Anyone who ponders these things will find that God does care for people, and by all sorts of ways shows his people the means of salvation, while it is to folly and evils of their own choosing that they owe their destruction. Thus the Jews, after the demolition of the Antonia, reduced the Temple [area] to a tetragon, though their oracles warned them that when the Temple would become four square, the city and the Temple would fall. But what incited them more than anything else to the war was an equivocal oracle also found in their sacred scriptures, announcing that at that time a man from their country would become ruler of the world. This they took to mean someone of their own race, and many of their scholars misinterpreted it, when in fact the oracle pointed to the accession of Vespasian who was proclaimed emperor. For all that, it is impossible for people to escape their fate even if they see it coming. The Jews interpreted some of these prophecies to suit themselves and treated the others with contempt, till the fall of their country and their own destruction proved their folly.

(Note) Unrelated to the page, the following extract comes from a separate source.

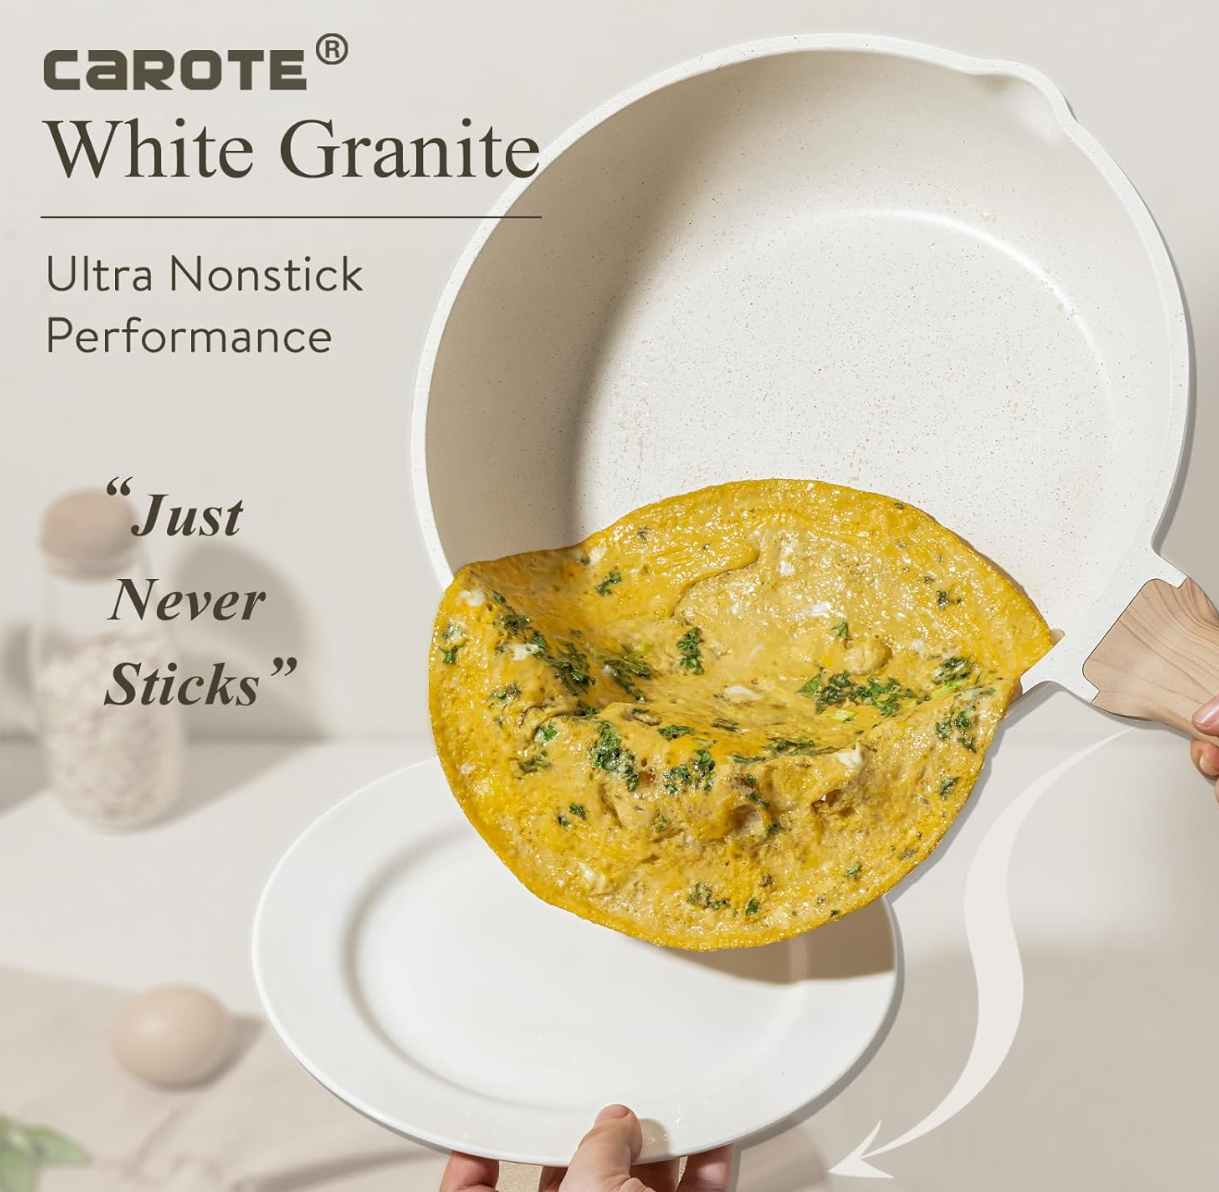 Carote 10 Piece Nonstick Cookware Set

[1] Nissan. Cf. John 11:55, Acts 21:26-27

[2] 21 Iyar, Omer 36

[3] Precisely two weeks later

Bavli Gitin 56b

מָה עָשָׂה (טִיטוּס)? תָּפַשׂ זוֹנָה בְּיָדוֹ וְנִכְנַס לְבֵית קׇדְשֵׁי הַקֳּדָשִׁים, וְהִצִּיעַ סֵפֶר תּוֹרָה וְעָבַר עָלֶיהָ עֲבֵירָה, וְנָטַל סַיִיף וְגִידֵּר אֶת הַפָּרוֹכֶת, וְנַעֲשָׂה נֵס וְהָיָה דָּם מְבַצְבֵּץ וְיוֹצֵא, וּכְסָבוּר הָרַג אֶת עַצְמוֹ...

Avos d'Rabbi Nosson 1:6

...טיטוס הרשע...היה מורה בידו והיה מכה על גבי המזבח ואומר, "לקוס! לקוס! את מלך ואני מלך! בוא ועשי עמי מלחמה! כמה שוורים נשחטו עליך? כמה עופות נמלקו עליך? כמה יינות נסכו עליך? כמה בשמים קטרו עליך? אתה הוא שמחריב את כל העולם?!"...

Gitin 57b

אָמַר רַב יְהוּדָה אָמַר שְׁמוּאֵל וְאִיתֵּימָא רַבִּי אַמֵּי וְאָמְרִי לַהּ בְּמַתְנִיתָא תָּנָא מַעֲשֶׂה בְּאַרְבַּע מֵאוֹת יְלָדִים וִילָדוֹת שֶׁנִּשְׁבּוּ לְקָלוֹן. הִרְגִּישׁוּ בְּעַצְמָן לְמָה הֵן מִתְבַּקְּשִׁים, אָמְרוּ, "אִם אָנוּ טוֹבְעִין בַּיָּם אָנוּ בָּאִין לְחַיֵּי הָעוֹלָם הַבָּא"...כֵּיוָן שֶׁשָּׁמְעוּ יְלָדוֹת כָּךְ קָפְצוּ כּוּלָּן וְנָפְלוּ לְתוֹךְ הַיָּם...וַעֲלֵיהֶם הַכָּתוּב אוֹמֵר "כִּֽי־עָ֭לֶיךָ הֹרַ֣גְנוּ כׇל־הַיּ֑וֹם נֶ֝חְשַׁ֗בְנוּ כְּצֹ֣אן טִבְחָֽה (תהלים מד:כג)".